Digital certificates has already existed for half a century. There’s nothing new. A certificate doesn’t get any more legitimate just because it’s recorded on a blockchain.
Digital certificates has already existed for half a century. There’s nothing new. A certificate doesn’t get any more legitimate just because it’s recorded on a blockchain.
bjorney@bjorney.lol 1 year ago
Yes but NFTs are held in trust by you, not a 3rd party business. If you want to sell your NFT to a friend you can do that without brokering the exchange through a middleman who can/will charge a cut
atzanteol@sh.itjust.works 1 year ago
Don’t blockchain brokers charge a transaction fee?
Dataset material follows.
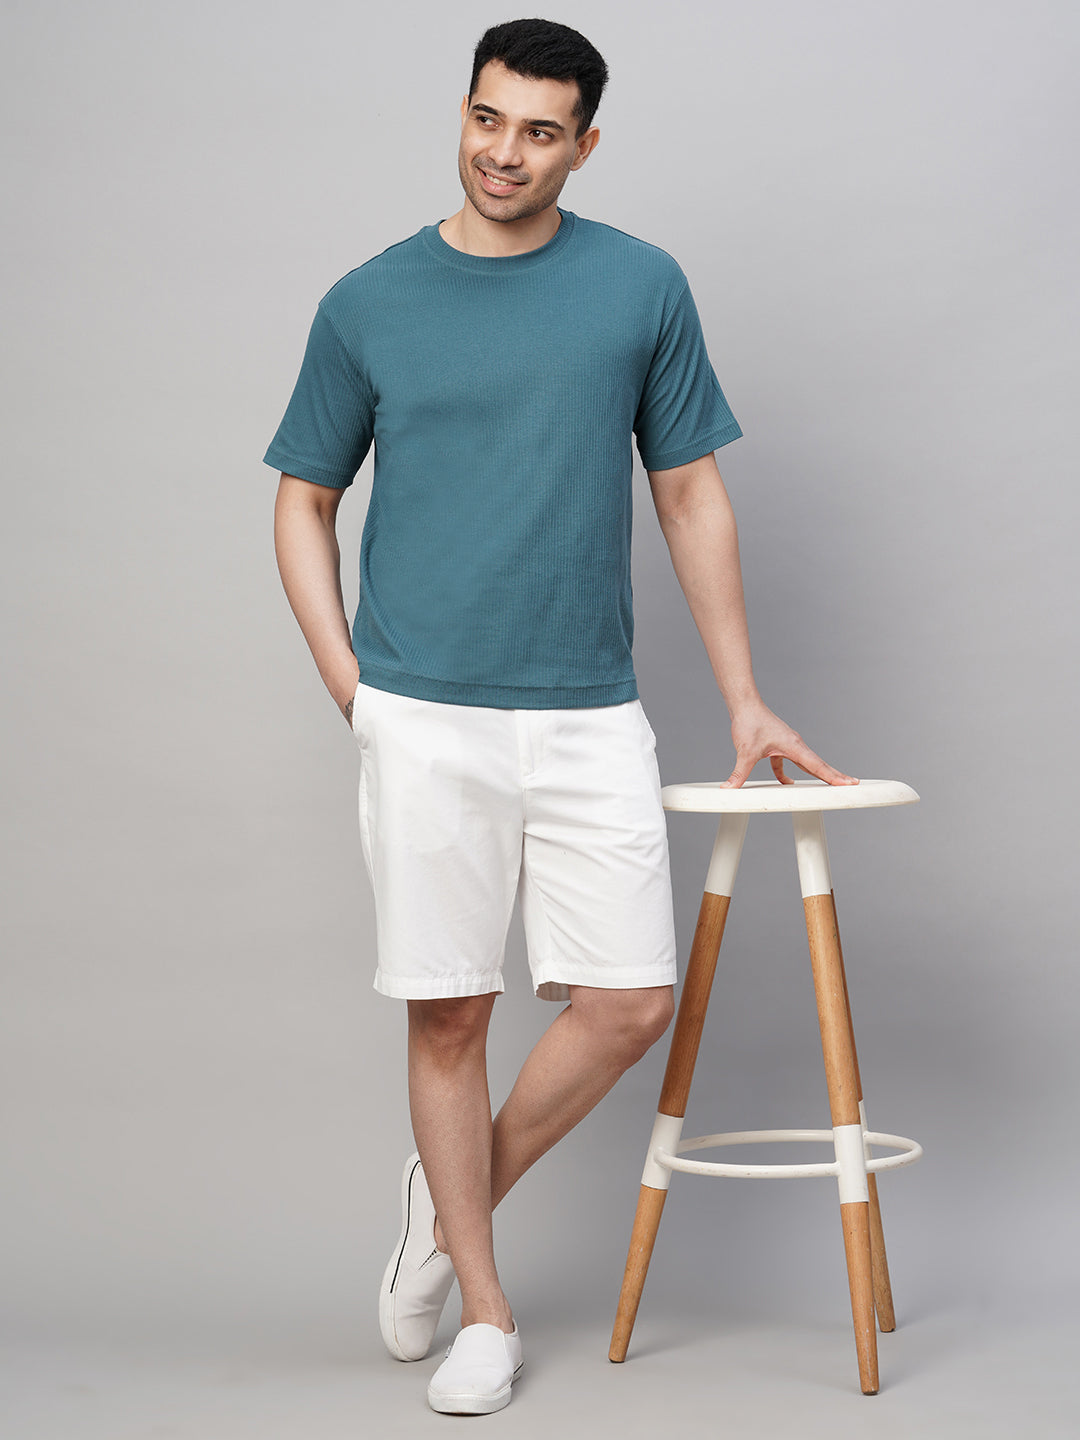 Men's Blue Cotton Elastane Regular Fit Tshirt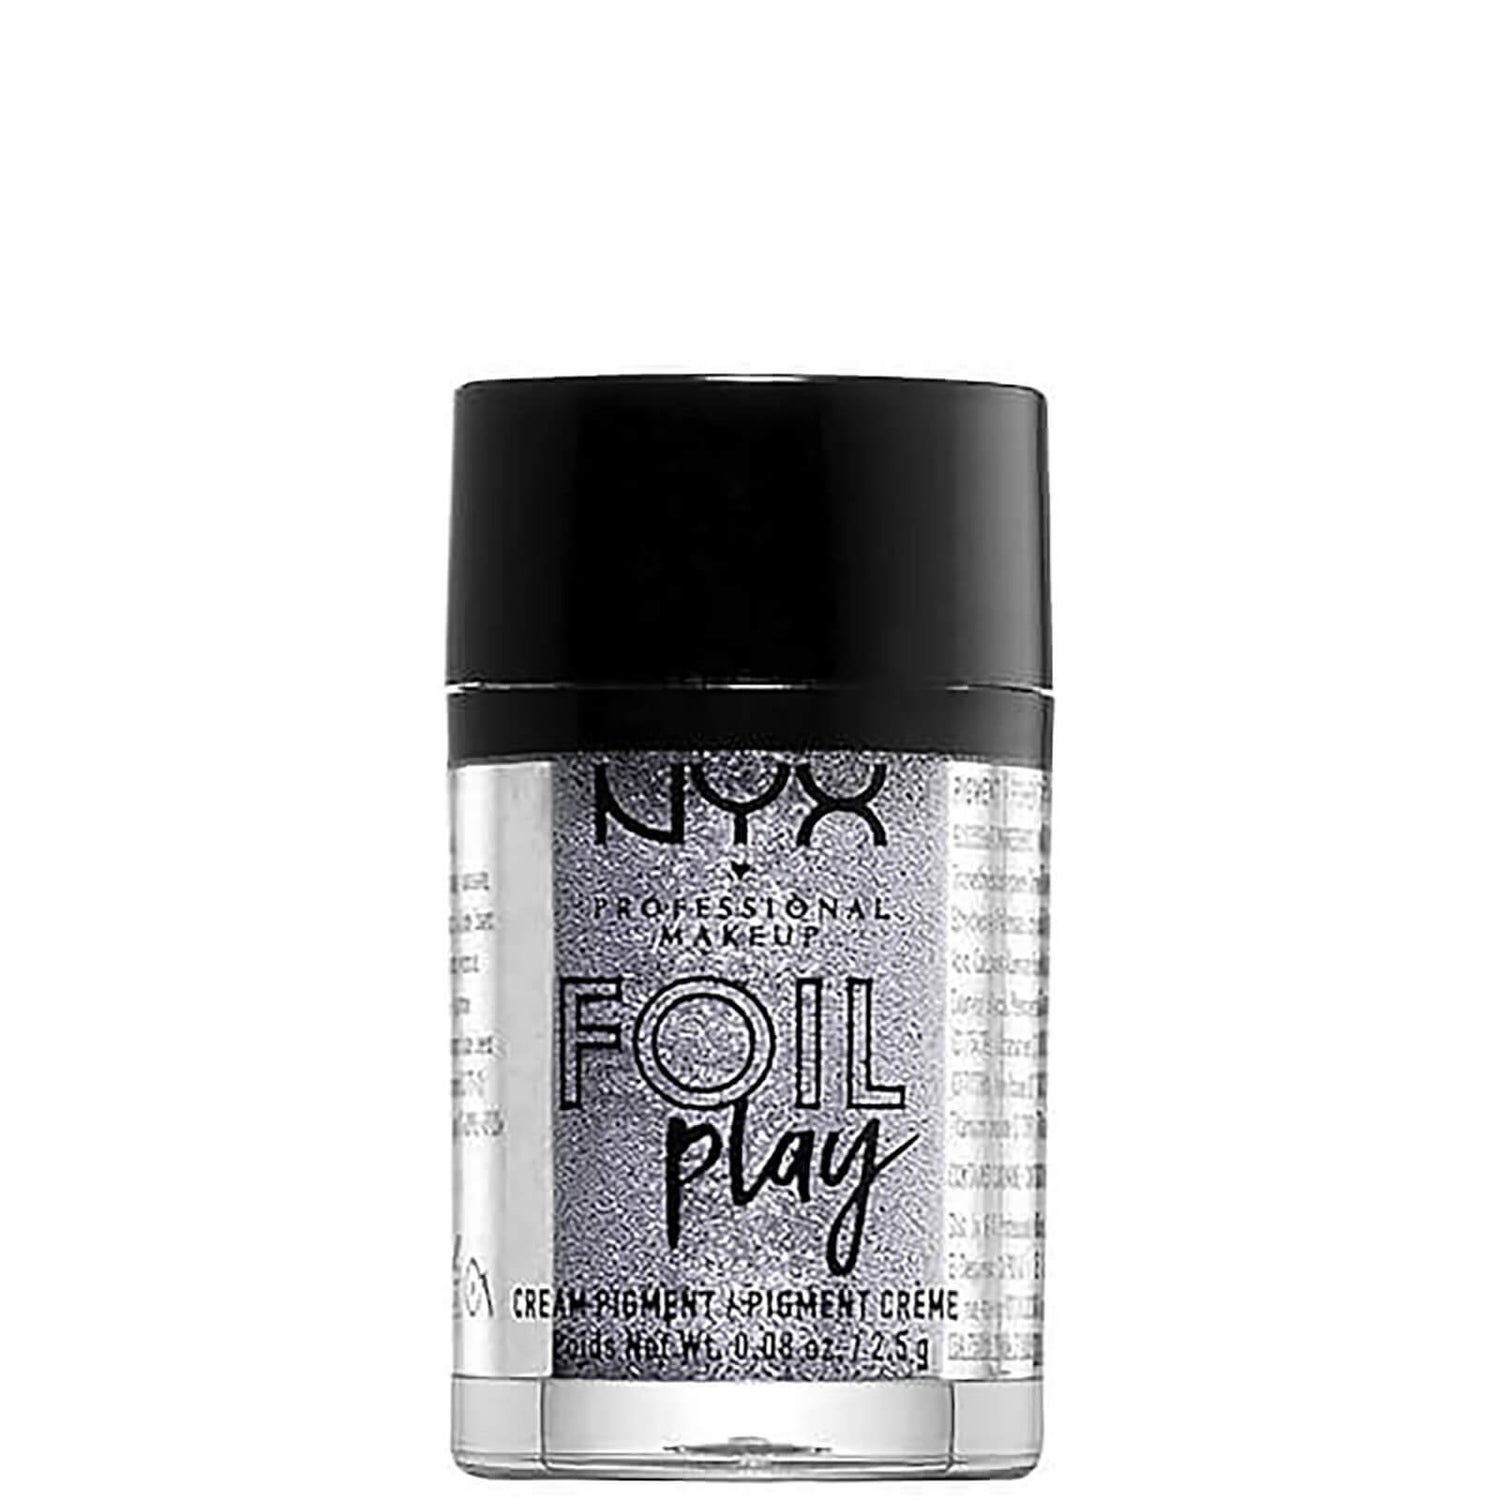 NYX Professional Makeup Foil Play pigmento in crema (varie tonalità)

kitonthenet@kbin.social 1 year ago
This is still solved by certificates, I can make my own self signed certificate that says it me and sign whatever I want. The only thing that crypto “solves” is over the wire man in the middle attacks, which aren’t even really a problem in the modern internet
magic_lobster_party@kbin.social 1 year ago
How you transact the ownership of NFTs is a different story. I’m reacting to the claim that NFT is “like a certificate of authenticity, but digital”, which is not unique to NFTs at all.
This claim is also often misunderstood, since the NFT can only verify the authenticity of the certificate itself, not the art/asset it’s pointing to.
I can easily create an NFT of Mona Lisa. The blockchain will see no problem with it at all. Heck, I can create 1000 NFTs of Mona Lisa if I want.
orca@orcas.enjoying.yachts 1 year ago
This sounds completely logical, until you realize it’s for selling JPGs and expecting them to only exist in that one buyer’s hands.